От соперницы – отвернуться!

Будто он другою грыжей увлекся!

Любовь подошла.

– Ну как? Похожа на вашу?

– Ничуть! – произнес Адмиралов, глядя в сторону – в угол, на чей-то гипсовый бюст.

– Идите в тот зал, там такое увидите! Дореволюционный кабинет дантиста! Зубосверлильня с ножным приводом – как швейная машинка! Потрясающе! Мечта инквизитора!

Не хватало, чтобы еще зубы заболели.

Плечо и без того ныло, как больной зуб.

– Вам нужна собачья шерсть. Будете носить шарфик из собачьей шерсти, и все пройдет.

– Достаточно. На воздух хочу.

Вышли на воздух, а он – морозистый: холодный фронт, пока были в музее, пришел с севера. Темная туча погасила осенние краски, желтизна померкла в сквере на площади вместе с багрянцем.

– О боже! – воскликнула Люба. – Мой муж!

На той стороне улицы – ближе к перекрестку – стоял человек в светлом костюме. Издали муж Любови напоминал иностранца.

– Черт, он нас увидел!

– И что? – проскрежетал Адмиралов, не находя места правой руке.

– Поздно. Будем вместе.

Она помахала мужу рукой, тот ей помахал.

– Вы ничего не знаете. Мой муж в нашем центре проходил курс терапии. У него патологическая ревность. Правда, его подлечили, он в норме сейчас, но я очень боюсь, что сорвется. Как ваше отчество?

– Андреевич. А зачем?

Любовь не ответила. Переходили улицу – наискосок, по направлению к мужу Любови. Муж Любови стоял на месте и смотрел на них.
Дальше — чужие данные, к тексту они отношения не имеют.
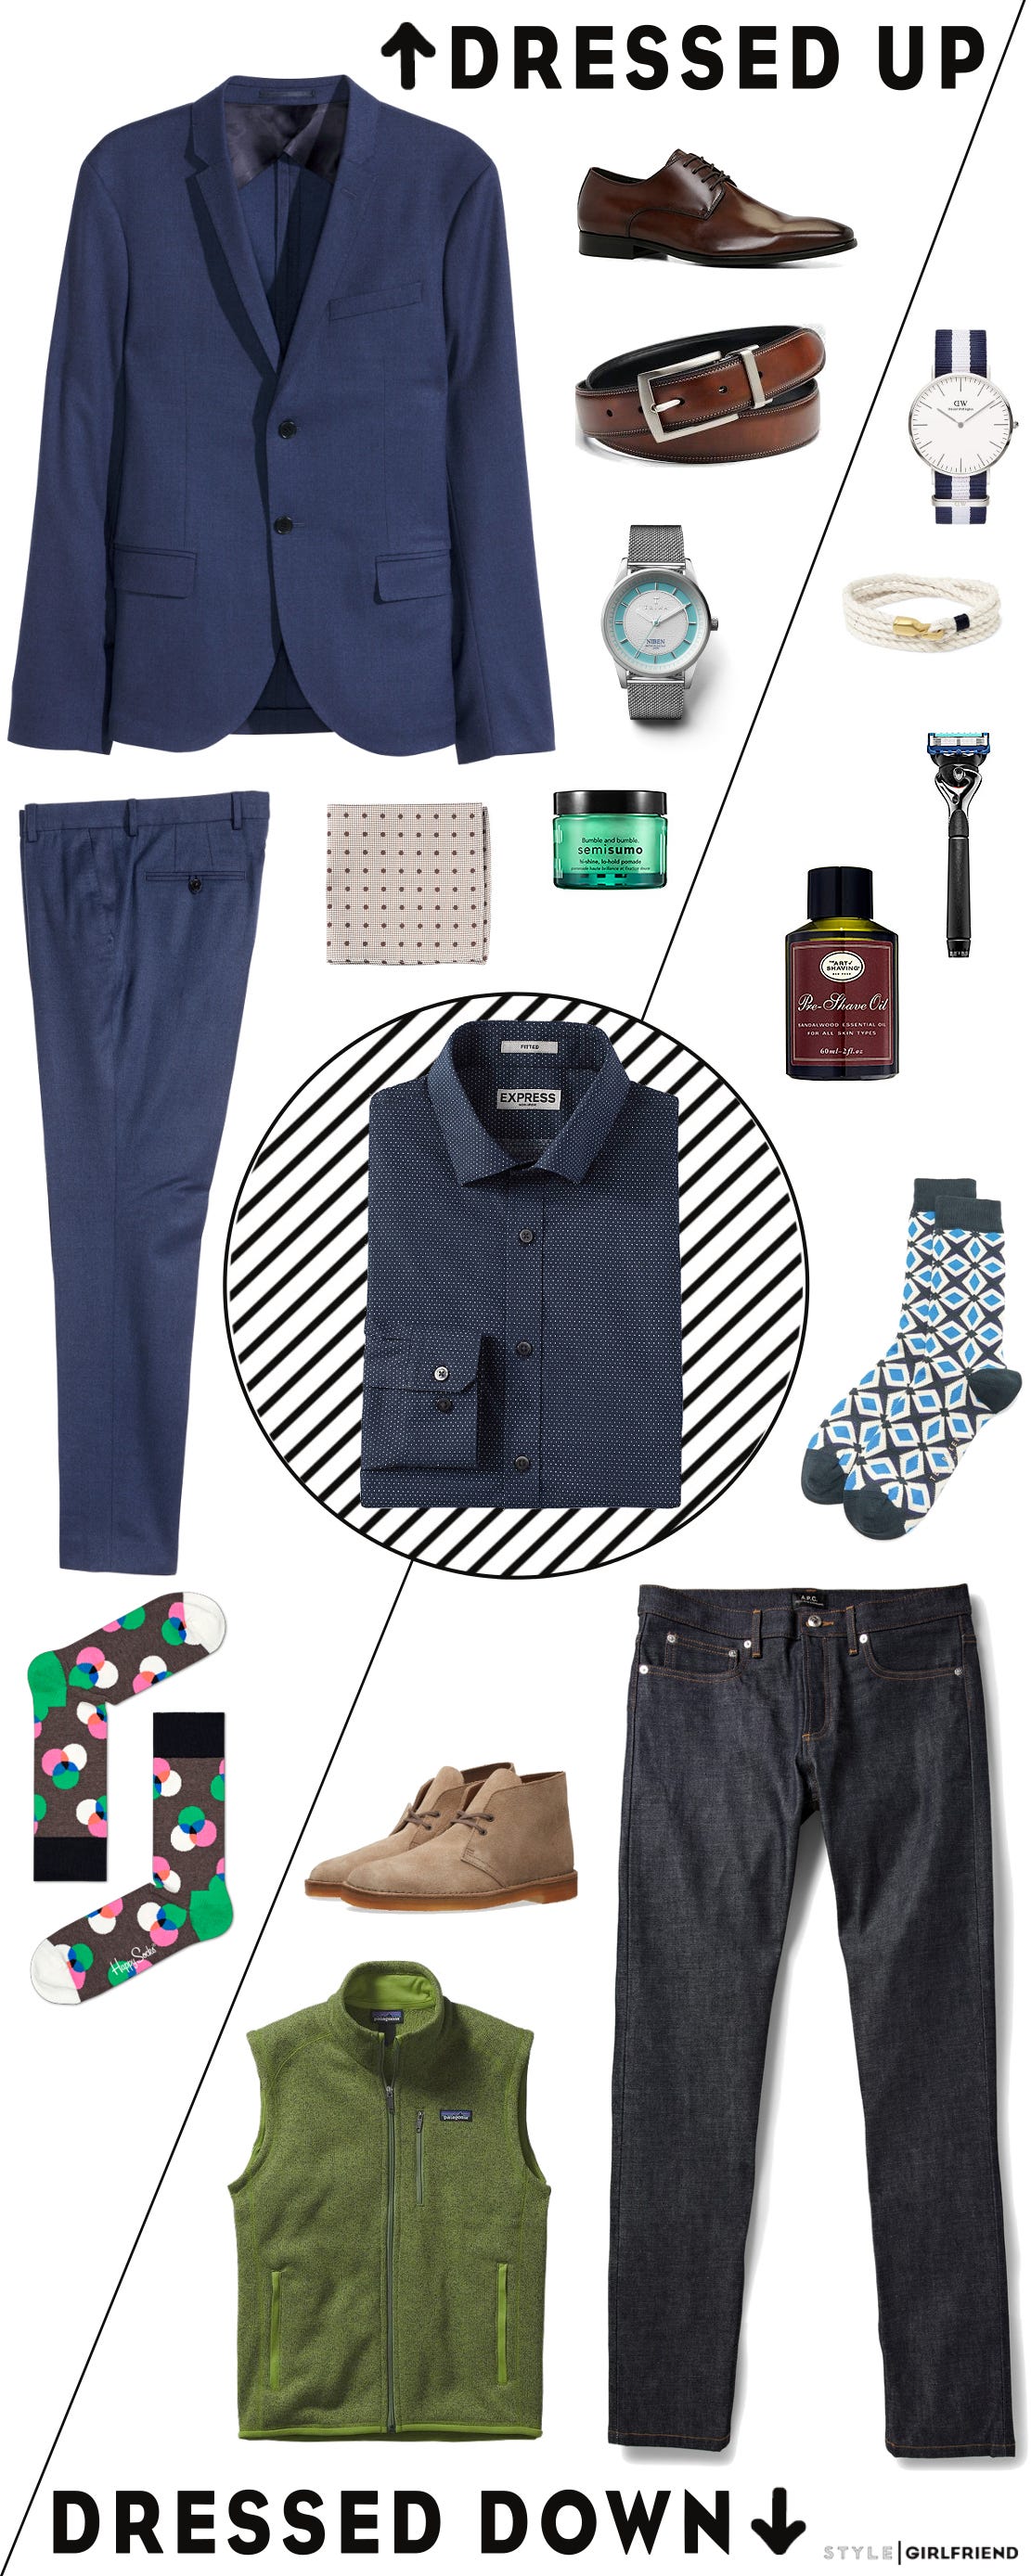 How to Wear... A Blue Patterned Shirt

Франсуаза на какую-то секунду Адмиралова отпустила – ну может, на три, на четыре секунды. При чем тут муж? – мелькнуло в мозгу Адмиралова. – Какая ревность еще? Он сам жертва ревности, самой невероятной, какую только можно представить, а этот при чем? Ревнивец в белом костюме показался Адмиралову глупой пародией на Франсуазу.

– Неужели преследовал? – спросила Любовь, словно Адмиралов знал что-то.

Вот так и меня, Адмиралов подумал. Вслух же сказал:

– Будет бить?

– Зря шутите. Только пожалуйста: мы с вами на «вы»!

Они и без того были на «вы».

– Без паники, – успел сказать Адмиралов.

Подошли. Костюм оказался льняным. Но ничего иностранного при ближайшем рассмотрении в муже Любови не оказалось. Разве что был выбрит наголо. Как тибетский монах. И одет не по погоде легко.

– Максимушка, дорогой, ты здесь? Как здорово! – она поцеловала мужа в щеку (и он ее в щеку). – Тебе не холодно? Познакомьтесь. Это Максим, он мой муж. А это Андрей Андреевич, мы с ним в одной группе курильщиков.

Адмиралов и муж Любови были примерно одного возраста.

Максим протянул руку и сказал:

– Макс.

Лицо патологического ревнивца, показавшееся Адмиралову на расстоянии очень свирепым, теперь, вблизи, казалось вполне даже приветливым.

– Андрей, – перепредставился Адмиралов (самое изнывающе-ноющее положение руки – это когда тянется на весу к рукопожатию).

– Очень приятно, – сказал Макс, и вряд ли бы его улыбку было правильно назвать зловещей.

Зато ответное «очень приятно» на лице Адмиралова отобразилось недоброй улыбкой-гримасой.

– Нам задали посетить музей, – поспешила отчитаться Любовь. – Мы встретились прямо в музее. Осматривали экспонаты… Представляешь, там уже нет мумий!

– Хотите бросить курить? – спросил Макс Андрея и веско добавил: – Там хорошая школа.

Вероятно, он имел в виду психотерапевтическую школу, к адептам которой принадлежали специалисты центра психической помощи.

Знает, о чем говорит, Адмиралов подумал.

Редкие снежинки вместо капель дождя падали с неба. Одна легла на голую голову Макса и мгновенно растаяла.

– Ну, мы пойдем, – сказала Любовь тяжело молчавшему Адмиралову. – До свиданья, Андрей Андреевич.

Макс вновь протянул ему руку, не очень решительно:

– А не пойти ли нам вместе…

– Андрею некогда, Андреевичу, – быстро сказала Любовь. – Он торопится. А ты замерз.

– Да-да, я тороплюсь, – охотно согласился с ней Адмиралов.

И они разошлись (его действительно ждали пиявки).